Over-rich

01 January 2000
Over-rich

It takes a lot to get Bill Marriott and Steve Bollenbach rattled. After all, their respective companies, Marriott and Hilton Hotels Corporation, have led the way in the massive consolidation that has swept the US hotel industry in recent years, and their appetite - and financial ability - to carry on expanding seems undimmed.

But despite the formidable firepower at their disposal, these same men recently joined forces to complain to the US Congress that they were increasingly being outgunned by what the influential US business magazine Forbes recently described as "the unstoppable REIT juggernaut". Here, astonishingly, were perhaps the two most powerful figures in the hotel industry complaining about an uneven playing field.

The backdrop to their complaint to Congress was last year's bitterly fought battle for control of the ITT Corporation, owner of the Sheraton brand. Here was a company that, to Bollenbach's mind, had been resting on its laurels for far too long. In much the same way that Granada homed in on Forte two years ago, Bollenbach decided he could do better than Rand Araskog, the veteran head of ITT, and launched a hostile takeover bid.

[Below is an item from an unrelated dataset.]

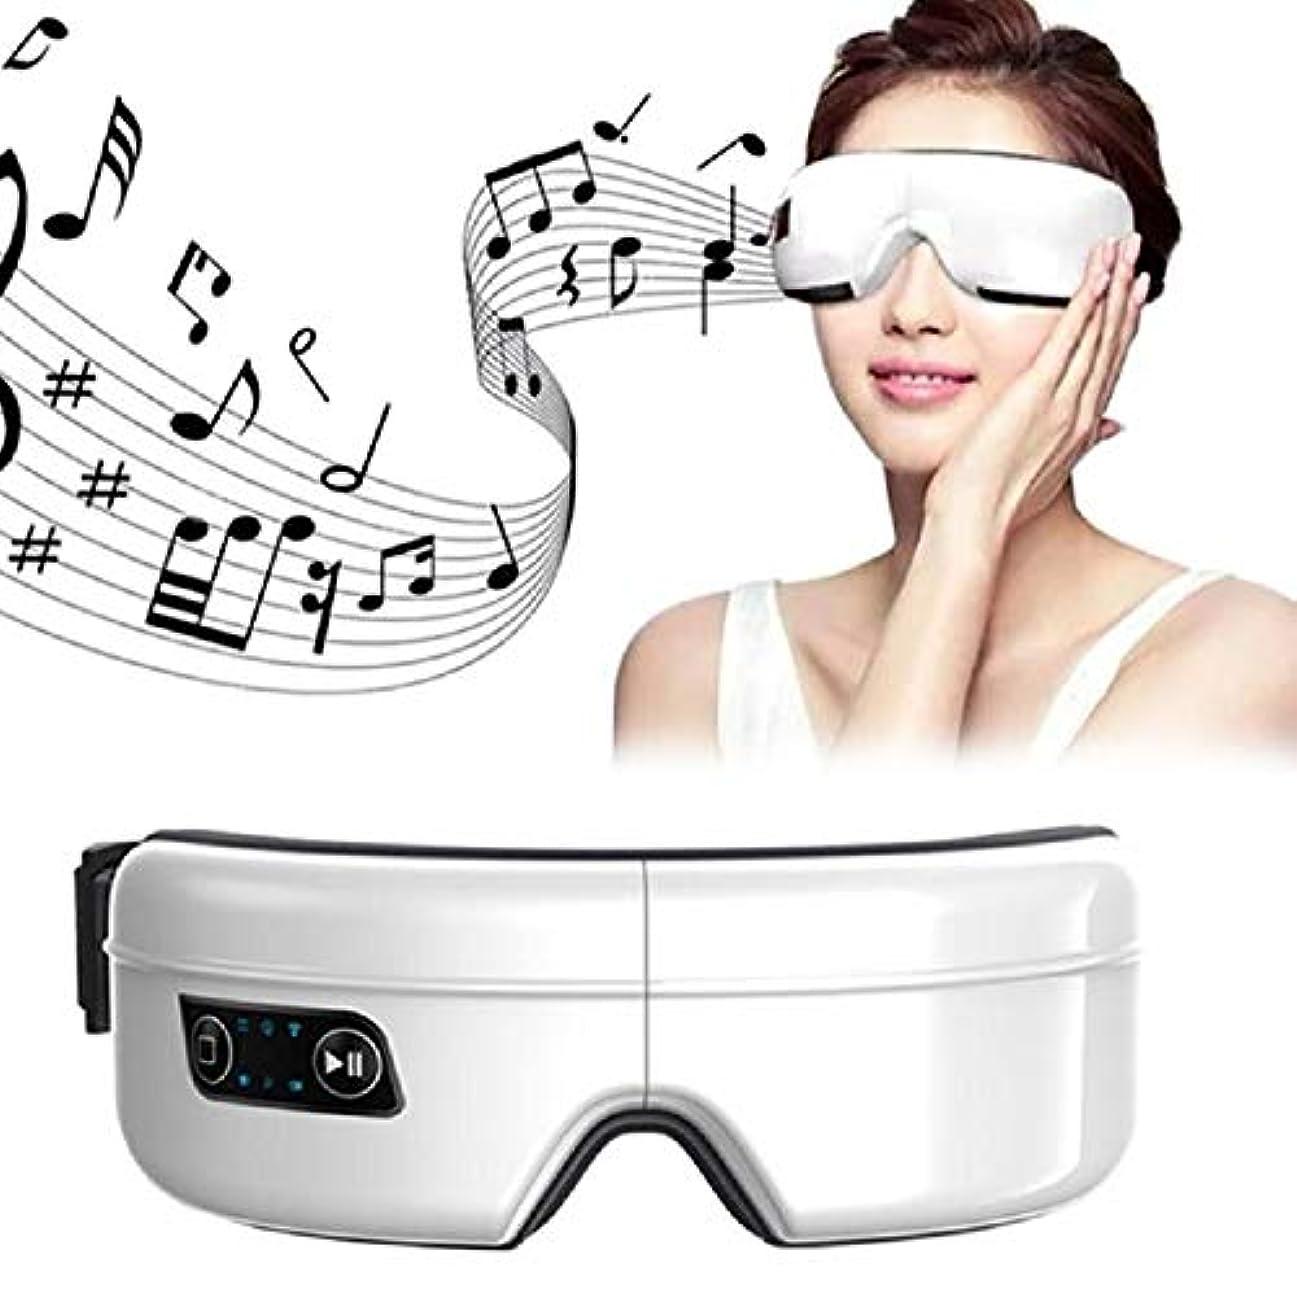 召喚するシットコム航空会社Ruzzy 高度な電気ワイヤレスアイマッサージSPAの楽器、音楽充電式美容ツール 購入へようこそ

For much of last year, the takeover followed the usual pattern of mud-slinging by both sides, with Wall Street observers predicting eventual victory for Hilton, provided Bollenbach was prepared to raise his offer. What the super-confident Bollenbach hadn't reckoned on was the late arrival on the scene of Starwood Lodging, a REIT led by the equally confident Barry Sternlicht. It came in as a "white knight" - a friendly suitor brought in by ITT to see off Hilton by offering a higher price.

Suddenly, Bollenbach had a fight on his hands, and he was eventually forced to throw in the towel in the face of a knockout bid from Starwood valuing ITT at a staggering $14b. To have raised his own bid any higher would have put a huge strain on Hilton's financial stability and put Bollenbach's reputation on the line.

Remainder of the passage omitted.